Lettre de l'InSHS Sciences des territoires

#INTERDISCIPLINARITÉS

Les sols tendent à être considérés comme une ressource inépuisable. Contaminés par les activités industrielles, transformés par les pratiques agricoles et exposés à l’urbanisation, il est nécessaire de les protéger. En effet, ils sont essentiels aux écosystèmes : leurs habitants recyclent la matière organique, structurent le substrat, facilitent l’infiltration des eaux, participent au stockage du carbone. Les sols restent pourtant mal connus des citoyens et des gestionnaires du territoire. Les atteintes symbolique et physique se placent dans le contexte des chamboulements globaux et reflètent une crise relationnelle profonde entre l’humain et son milieu de vie. La société contemporaine étant essentiellement urbaine, une équipe de recherche coordonnée par Sandrine Glatron, directrice de recherche CNRS au Laboratoire interdisciplinaire en études culturelles (LinCS, UMR7069, CNRS / Université de Strasbourg), s’est intéressée aux sols des villes, avec les citadins, pour mieux appréhender ce patrimoine fondamental, à la portée de tous, et introduire la problématique de sa préservation1

  • 1Maris V. 2010, Philosophie de la biodiversité : petite éthique pour une nature en péril, Buchet Chastel.
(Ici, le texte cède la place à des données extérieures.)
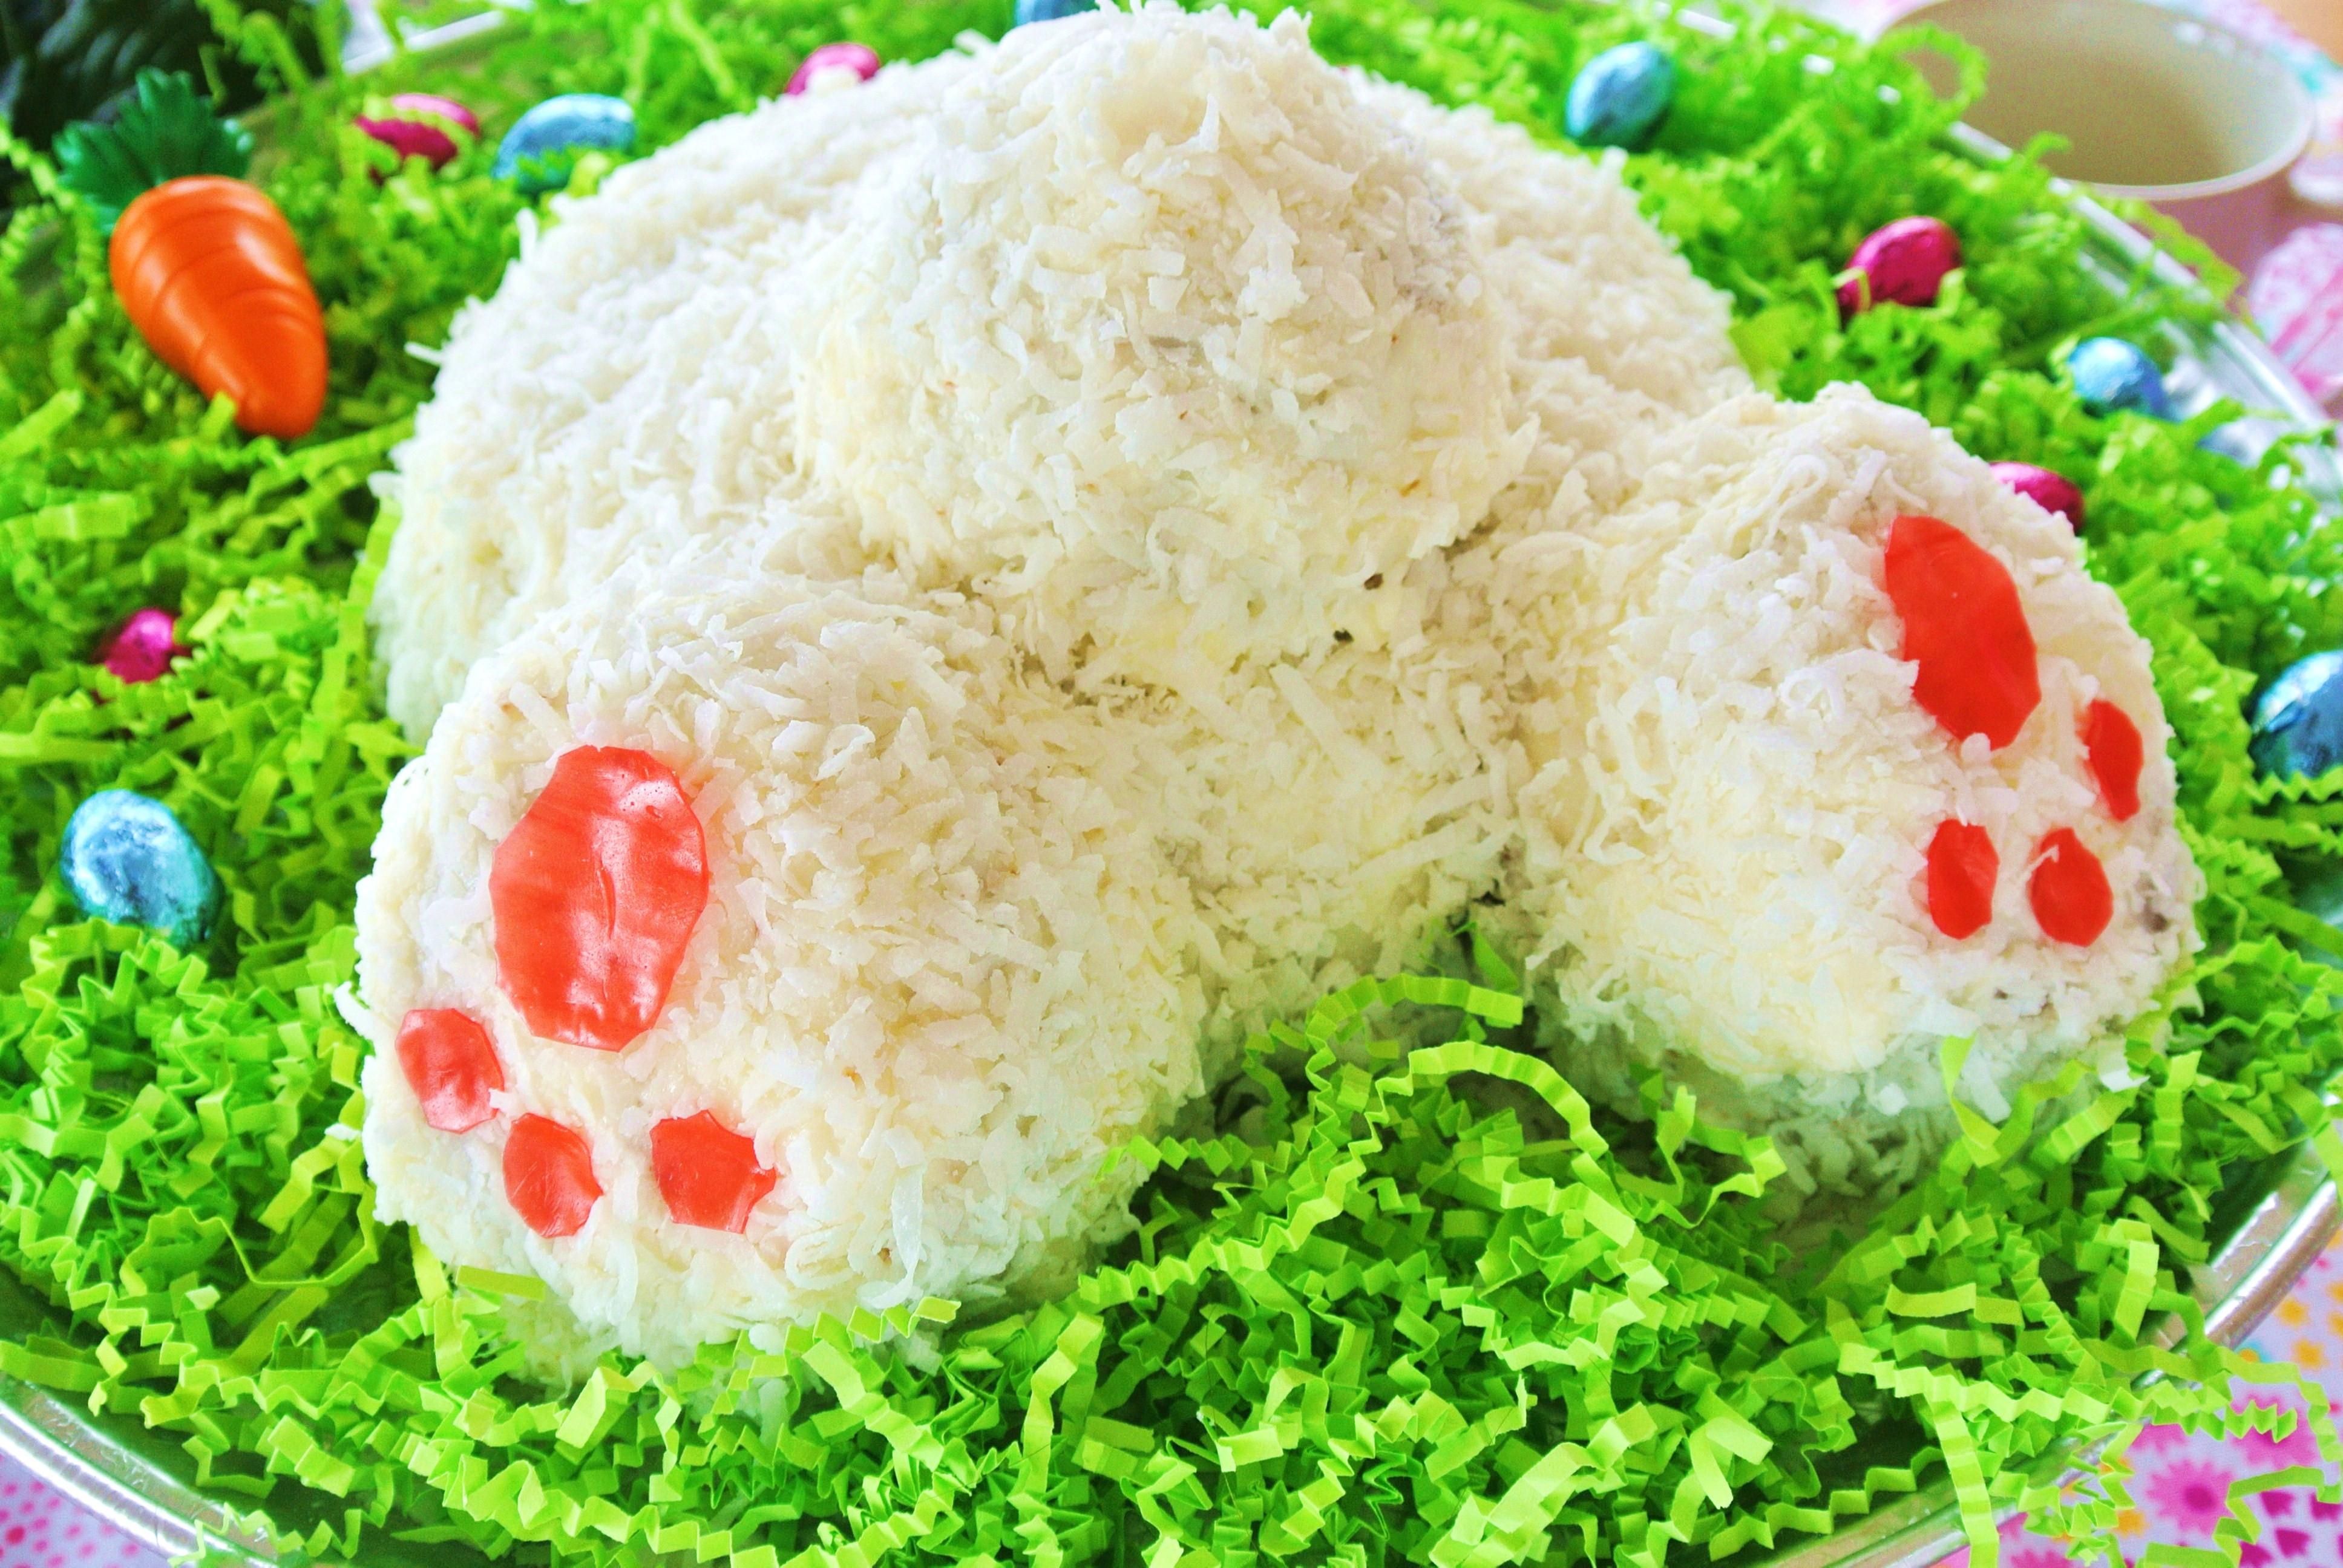 Easter Carrot Cake  Easter Bunny Butt Carrot Cake No Plate Like Home
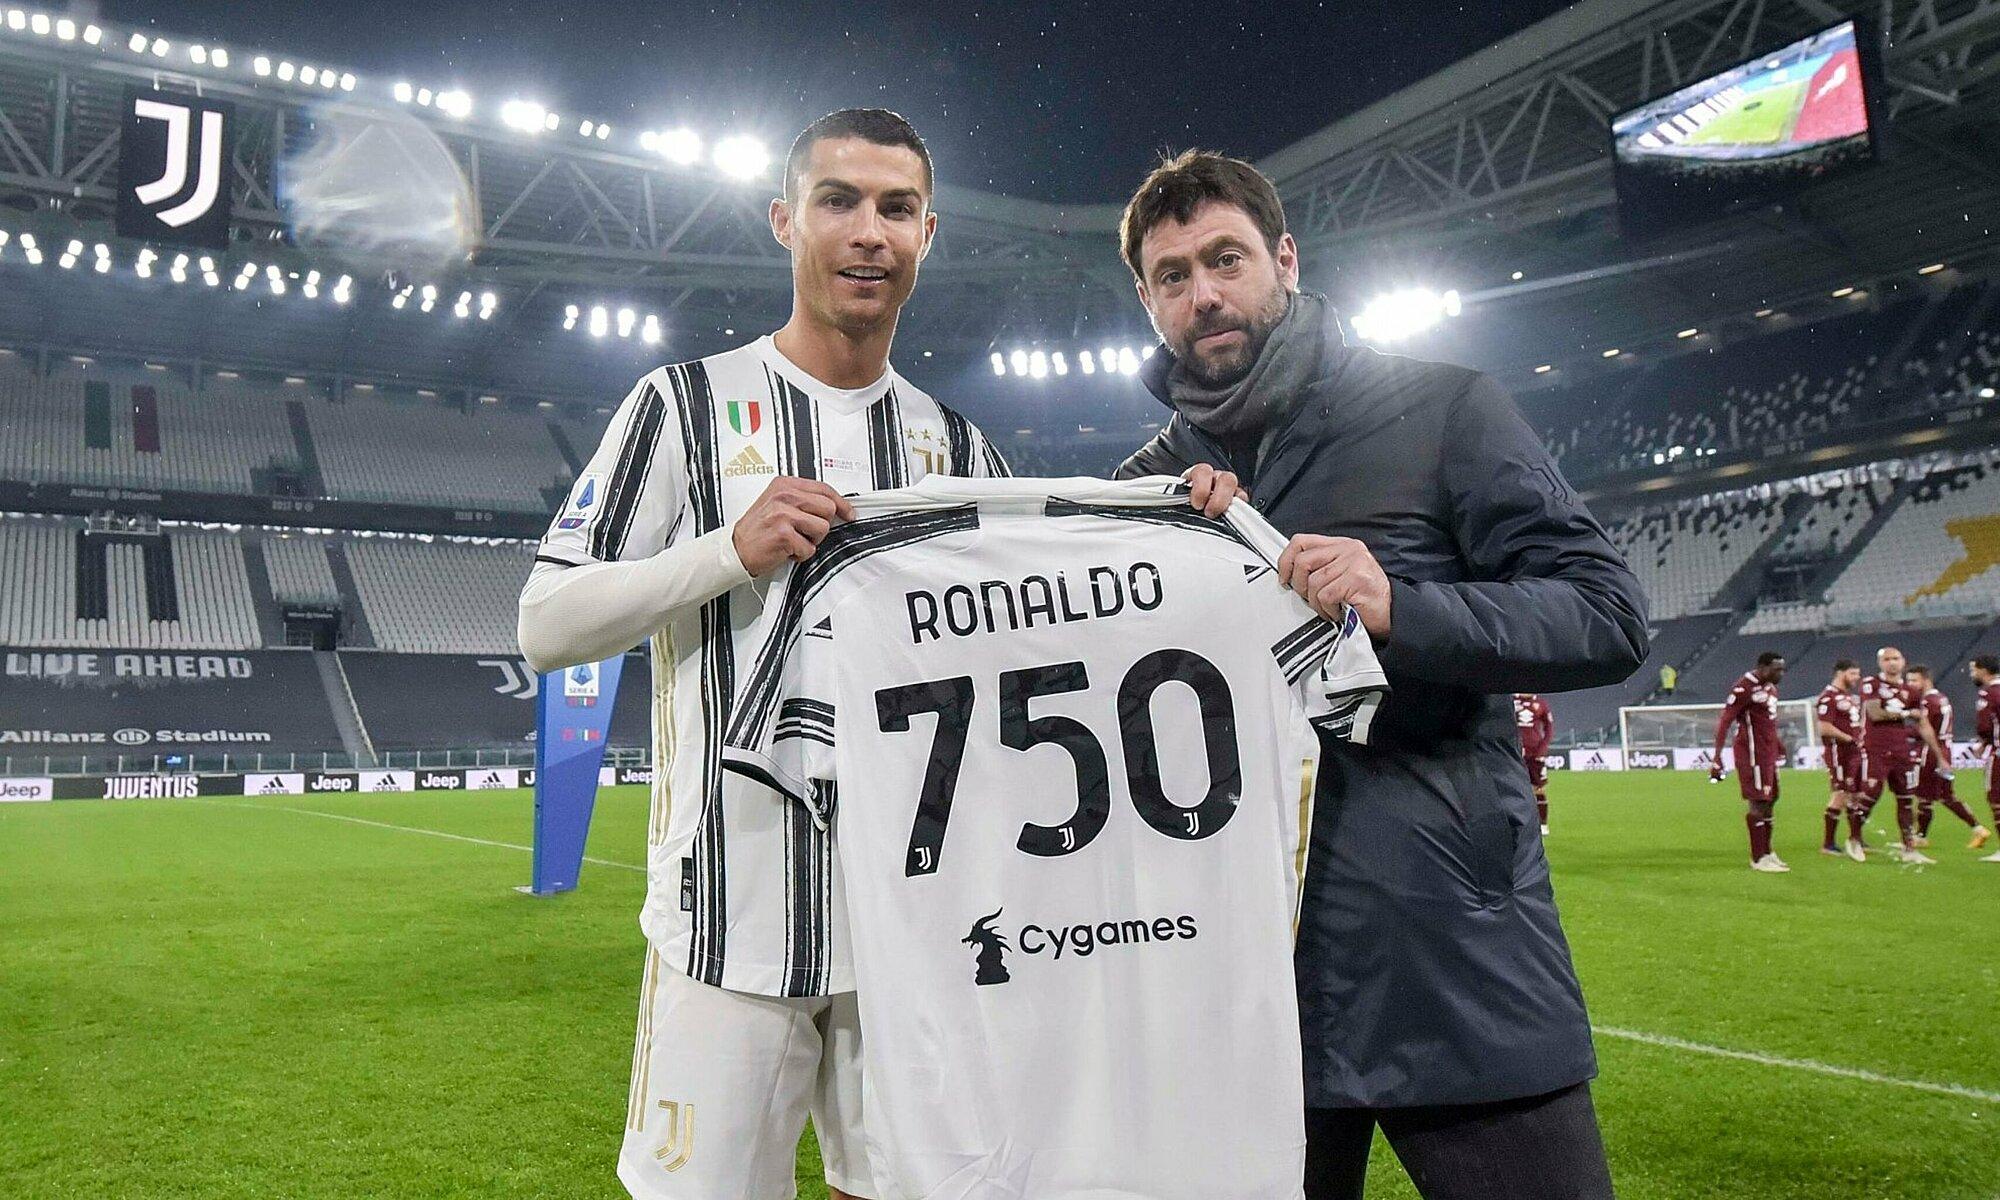 Ronaldo dan Juventus belum mewujudkan impian untuk memenangkan Liga Champions bersama.

Cette équipe a donc monté le programme de recherche participative Solenville dont les activités exploratoires remontent à 2018. Ce programme consacré à la biodiversité des sols urbains s’est déployé au sein de la Zone atelier environnementale urbaine (ZAEU) de Strasbourg avec un financement de stage en 2019. S’y sont ajoutés des financements de l’Université de Strasbourg en 20201 pour étudier les invertébrés des sols en utilisant l’application Jardibiodiv2 . Les propositions se sont ensuite progressivement enrichies : après la faune « visible », l’équipe a intégré les qualités physico-chimiques des sols et les microorganismes, dans le cadre du programme « Sciences Ouvertes à Strasbourg : à la découverte des Sols Urbains Vivants » (SOS SOLUV) financé pour 2022 et 2023 par la Mission pour les initiatives transverses et interdisciplinaires (MITI) du CNRS à travers son appel  Sciences participatives en situation d’interdisciplinarité. En termes d’outils et de méthodologies, l’équipe agrège depuis lors de nouveaux publics grâce aux balades apprenantes, jeux et événements culturels diversifiés. Les budgets permettent de rémunérer ponctuellement des spécialistes pour les animations ainsi que le gestionnaire de communauté Florian Franck-Neuman, absolument indispensables au fonctionnement du programme.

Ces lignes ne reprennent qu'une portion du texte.